Hackers tend to stash away lots of stuff that seems useless, right up until it saves the day. This includes not just junk in our parts bin but brains full of tips and tricks for the shop. With that in mind, you might want to file away a few of the tips in [AvE]’s video of how he made bulletproof glass for a rainy day.

By his own admission, [AvE]’s video is a little disjointed, and the topic of the bulletproof glass is only covered at the beginning and again briefly at the end. Most of the video concerns the machining of a stout stand for the glass for testing on the range. There’s plenty to learn from the machining, though, and [AvE] is always good for a laugh, so the video is worth a watch. The bulletproof glass itself is part of a long-term project that [AvE] is releasing first to his Patreon patrons – a ridiculously over-built flashlight dubbed “The Midnight Sun”. His first two tries at laminating the Lexan discs were less that optimal, as both brands of cyanoacrylate glue clouded the polycarbonate. Stay tuned to the end of the video for the secret of welding Lexan together into an optically clear sandwich.

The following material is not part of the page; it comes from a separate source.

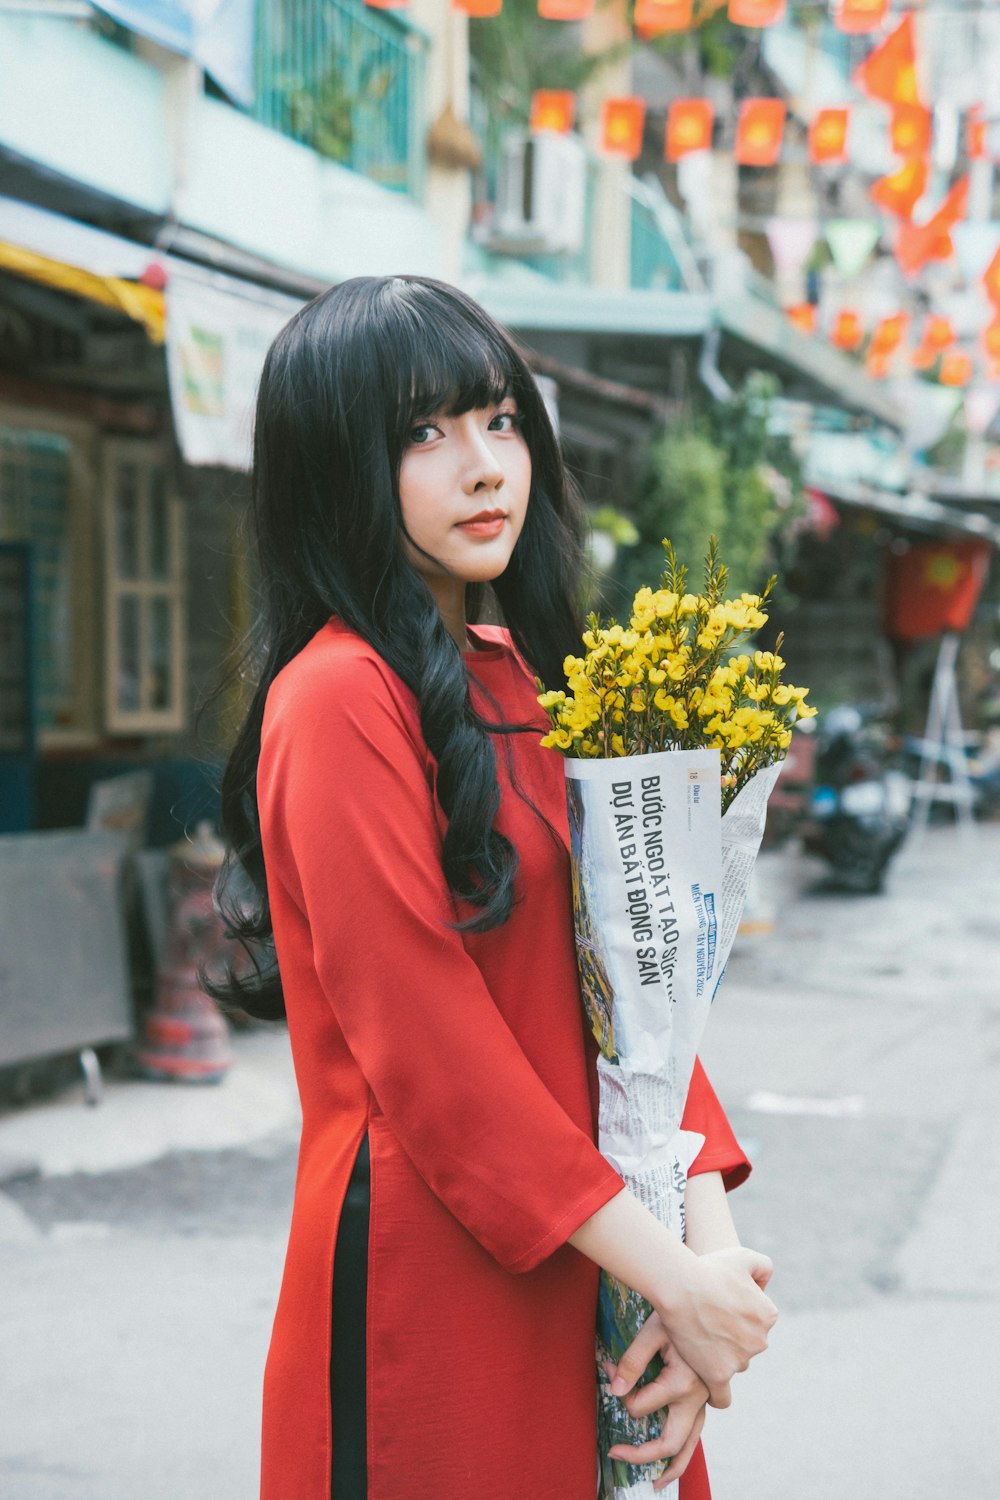 uma mulher em um vestido vermelho segurando um buquê de flores

As for testing under fire, [AvE] sent the rig off to buddy [TAOFLEDERMAUS] for the hot lead treatment. The video after the break shows that the glass is indeed bulletproof, as long as the bullet in question is a .22LR. Not so much for the 9mm, though – that was a clear punch-through. Still, pretty impressive performance for homebrew.

If you want something that can stop an arrow, there’s a lot of materials science to be learned from the ancient Greeks.